Y'all and No?

Buchmann buchmann at BELLSOUTH.NET
Thu Mar 29 22:52:50 UTC 2001


There is a peculiarity about the Southern use of "you all" / "y'all"
which most 'Yankees' seem to miss -- it is NOT directed to a
single individual BUT to that individual AND his ( extended /
invisible / not present ) kin.
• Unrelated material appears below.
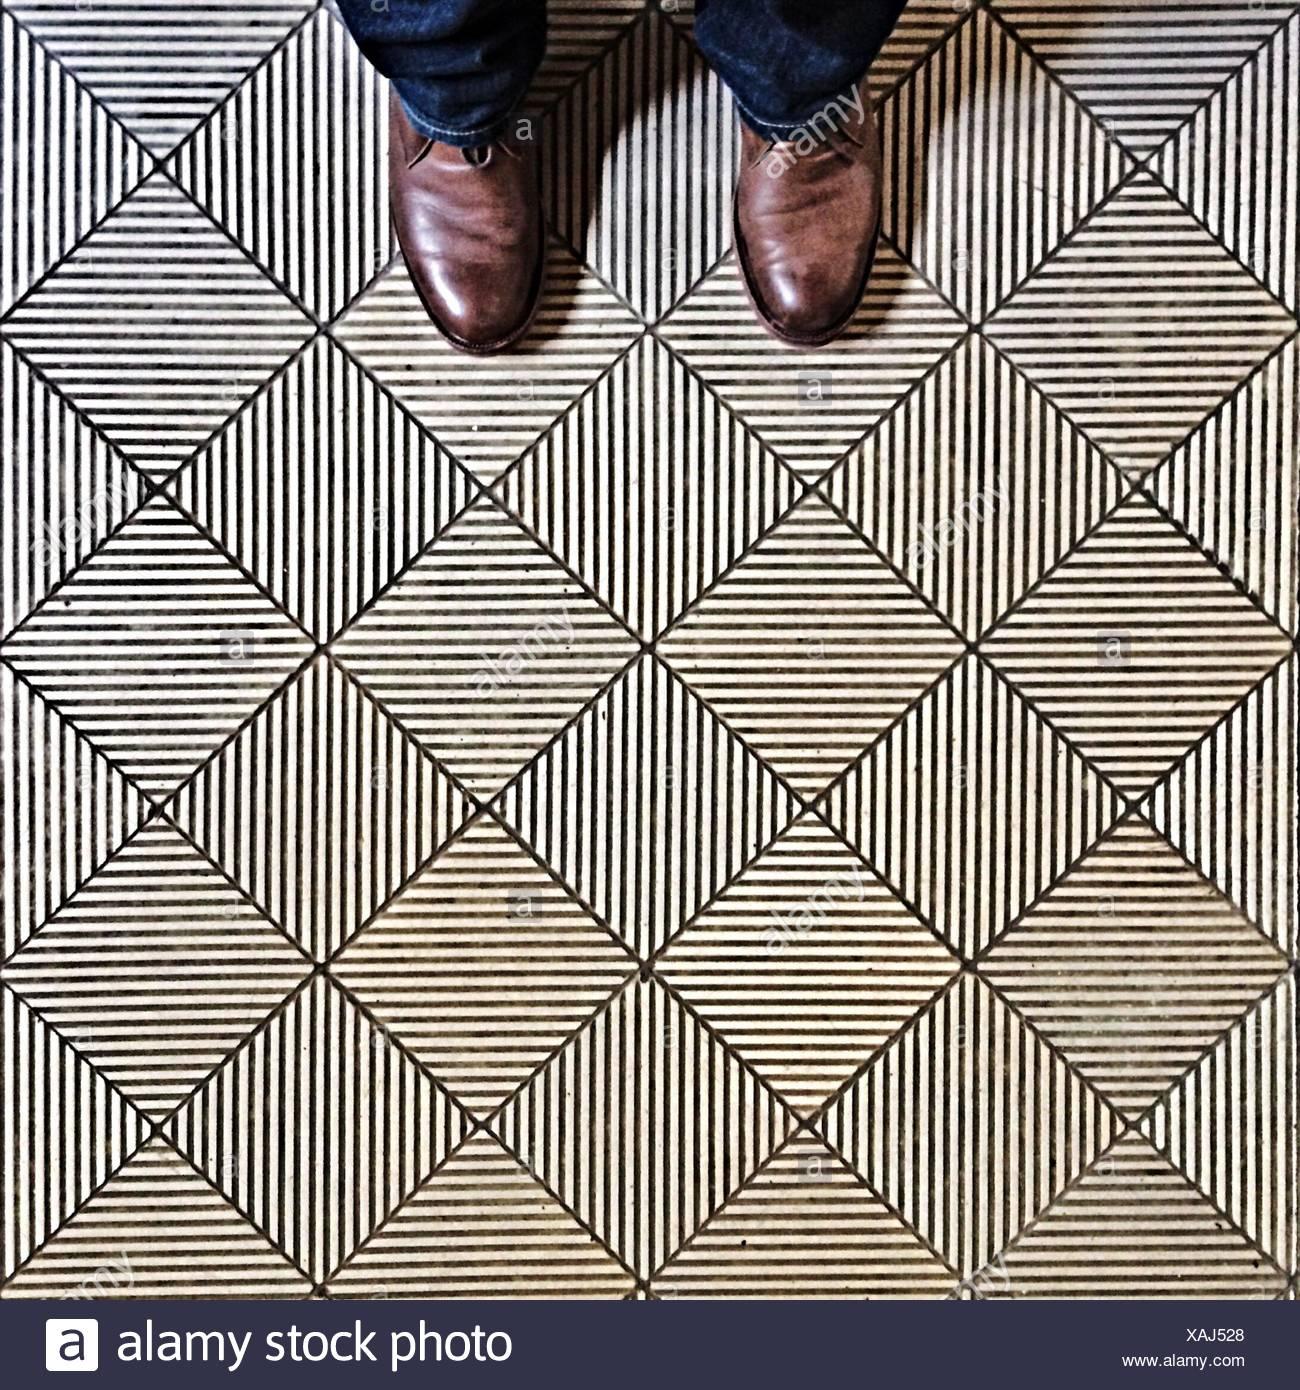 Man's Feet On Floor - Stock Image
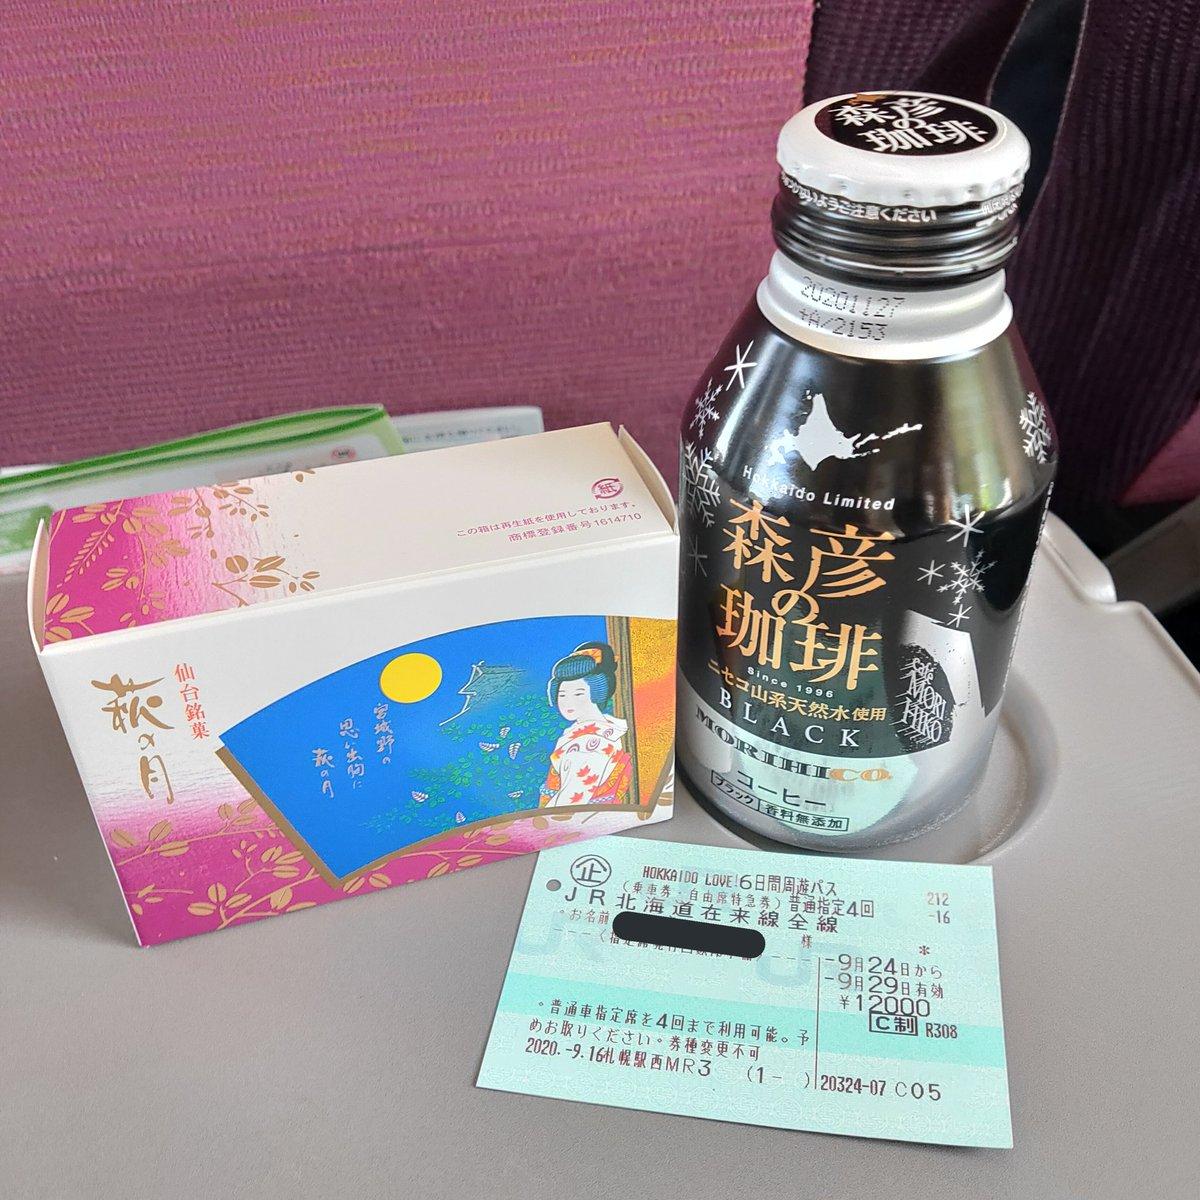 test ツイッターメディア - 北海道の特急車内で萩の月を食べています🌕️(神戸に住んでいるのに? https://t.co/PaTzqRvgUH

There are many people these days
who have been born in the South but who are not Southern
nationals [ => unbroken maternal descent since before the
WONA]. These people repeat what they hear without
understanding it, often getting meanings reversed.

Natalie Maynor wrote:

> Charles Wells wrote:
>
> > 1) I have been occasionally hearing non-southern young people (mainly
> > college students) use "y'all" as a second person plural the way southerners
> > do.  Has anyone else noticed this?  Is it spreading?
>
> Yes.  "Y'all" has been spreading outside the South for a good while
> now.  Meanwhile, "you guys" is infiltrating the South (among younger
> speakers).  My female students say that, though they personally use
> "y'all" and not "you guys," they feel included when somebody says
> "you guys" to a group they're in.  I don't.  I still think of guys
> as males.
>
> > 2) I have also heard non-Latino students use "no?" in the way it is used in
> > Spanish (without any joking Mexican accent), as in
> > "That movie is at the Rialto, no?"
>
> I hear it, and I think I sometimes say it.